There are certain moments when it feels good (and right) to be a little immature.

And nothing gets us giggling like adolescent school-kids more than a naughty-sounding name - especially when the name belongs to a non-English speaker who isn't even aware of the comedy value it happens to be producing.

After Germany's Andreas Wank raised a few eye-brows in Sochi, we've picked out some of the most brilliant rude names sport has had the pleasure of giving to us.

The kind of names that make for commentary gold and whose spellings immediately make you perform a double-take, questioning "have I just seen that right?"

These are the weirdest, most wonderful, and (in some cases) downright filthiest names from the world of sport, along with some largely fictional facts to complement them.

Don't feel guilty at all in having a laugh at these...

20. Irina Slutskaya

Retired Russian figure skater who is two-time world champion and two-time Olympic medalist. She was entered into a fair few tournaments.

19. Dick Trickle

Former American race car driver who is believed to have won over 1200 feature races. Tragically committed suicide in 2013 (that's true, obviously).

18. Misty Hyman

Retired American swimmer who won gold in the 200-metre butterfly event at the 2000 Summer Olympics. She always pushed herself to breaking point.

Clear as day: Olympic gold medal winner Misty Hyman - No laughing! (

Image:

Getty)

17. Karen Cockburn

Canadian trampoline gymnast who won silver medals in the individual event at both the 2004 and 2008 Summer Olympics. Only gold was awarded for 'Unofficial Olympic Best Name 2008.'

16. Andre Muff

Retired Swiss footballer who played as a striker and was capped twice at full international level. Could also play in the hole, we're told.

15. Segar Bastard

Former English amateur footballer who played during the late 19th century. We couldn't find much information on his parents, sadly.

14. Quim

Portuguese footballer who plays as a goalkeeper - made nearly 300 appearances combined during long spells with Braga and Benfica, and capped 32 times by his country. Known for his Quim-tessential fluid distribution from the back.

13. Gregor Fucka

Retired Slovenian-Italian basketball player who won the 2000 European Player of the Year award. More popular than his name suggests.

12. Jean Condom

Former French international rugby union player who played as a lock. Always provided protection to his back line.

11. Dean Windass

Retired English striker who enjoyed his most successful spells with Hull City and Bradford City. Was known to cause a stink in the changing room.

Dean Windass (

Image:

Action Images)

10. Dick Paradise

Former American ice hockey player who made 144 appearances in the World Hockey Association for the Minnesota Fighting Saints. An internet search reveals he shares a name with a naturist colony in Indonesia. Probably.

9. Ralf Minge

Retired German international footballer who played as a striker - spent his entire career at Dynamo Dresden. Considering this, you would expect his name to represent something longer.

8. Johnny Dickshot

Former Major League Baseball outfielder who played for the Pittsburgh Pirates, the New York Giants and the Chicago White Sox. Tried to pioneer a special curveball that dipped at a hitter's private parts, but it was outlawed.

7. Fanny Chmelar

German alpine skier who competed at the 2010 Winter Olympics. Her name once had Bradley Walsh in hysterics during an episode of the Chase. Now the owner of a discreet women's hygiene range.

6. Danny Shittu

Nigerian centre-back, currently enjoying his second spell at Championship side Millwall. Better than his name suggests - plus you'd never tell call him that to his face, looking at the size of him.

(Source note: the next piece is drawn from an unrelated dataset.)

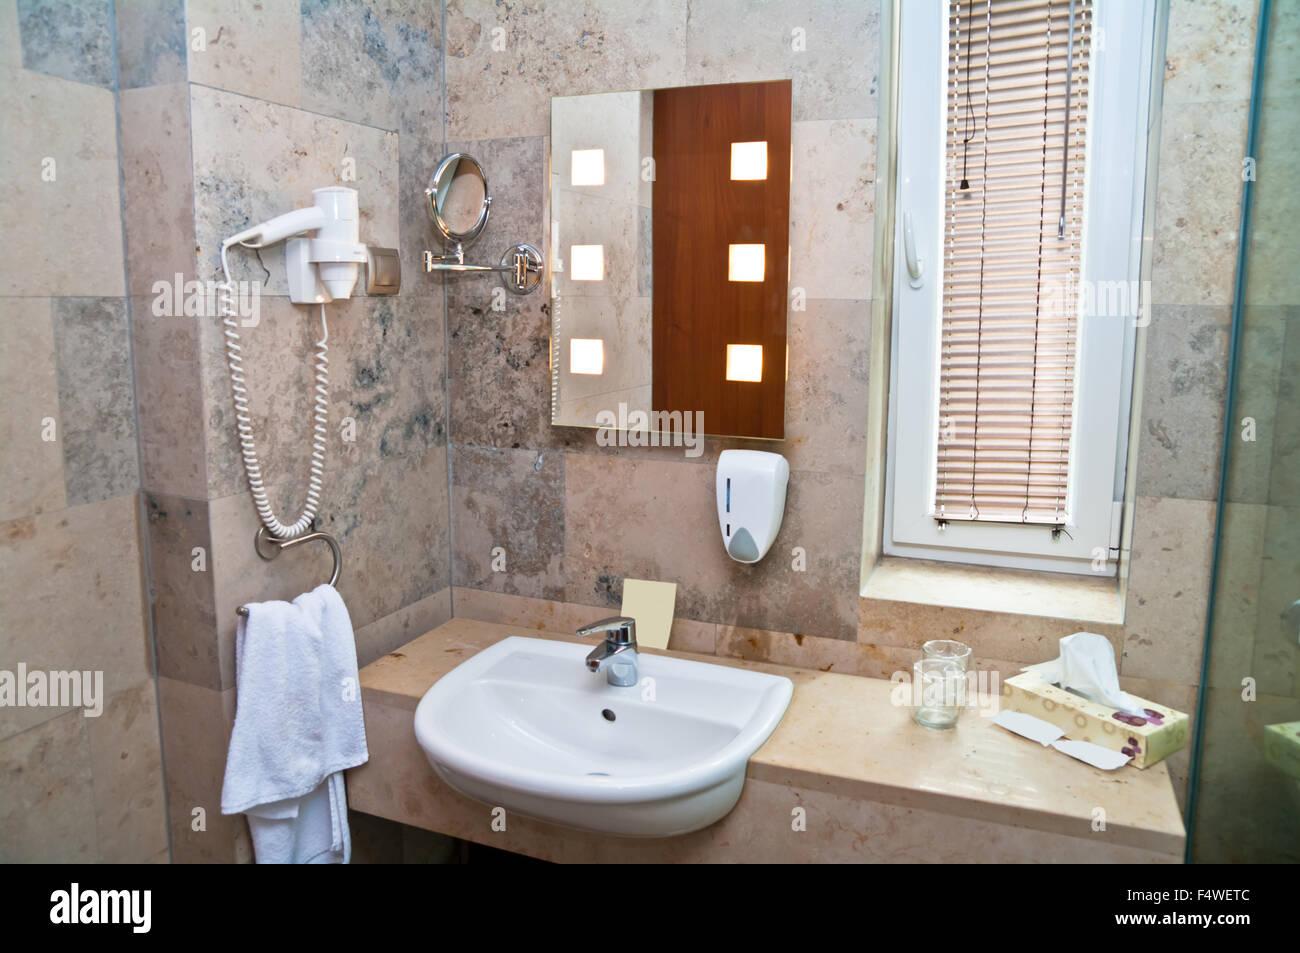 Salle De Bain Lumineuse Design ~ salle de bain baignoire baignoire architecture propre et confortable

Big lad: People were never really nasty to Danny's face... wonder why? (

Image:

Clive Rose)

5. Andreas Wank

German ski jumper who finished in 10th place in the individual event at the 2014 Winter Olympics. Always deals well with the job at hand.

4. Stefan Kuntz

Retired German international footballer who played as a striker. Name was famously mocked in Baddiel and Skinner's video of '98 Three Lions.

3. Gaylord Silly

Long distance runner who represents Seychelles internationally. Also works as a tree surgeon in France (actually true). And we thought they made that name up for Meet the Parents.

2. Argel Fucks

Former Brazilian footballer who played as a centre-back and won one cap at full international level. Now a very expletive manager.

1. Yoshie Takeshita

From a place called Fukuoka (seems to good to be true) and part of the Japanese women's volleyball side that won bronze at the 2012 Summer Olympics. Fortunately, she has never emptied her bowels while competing, we think.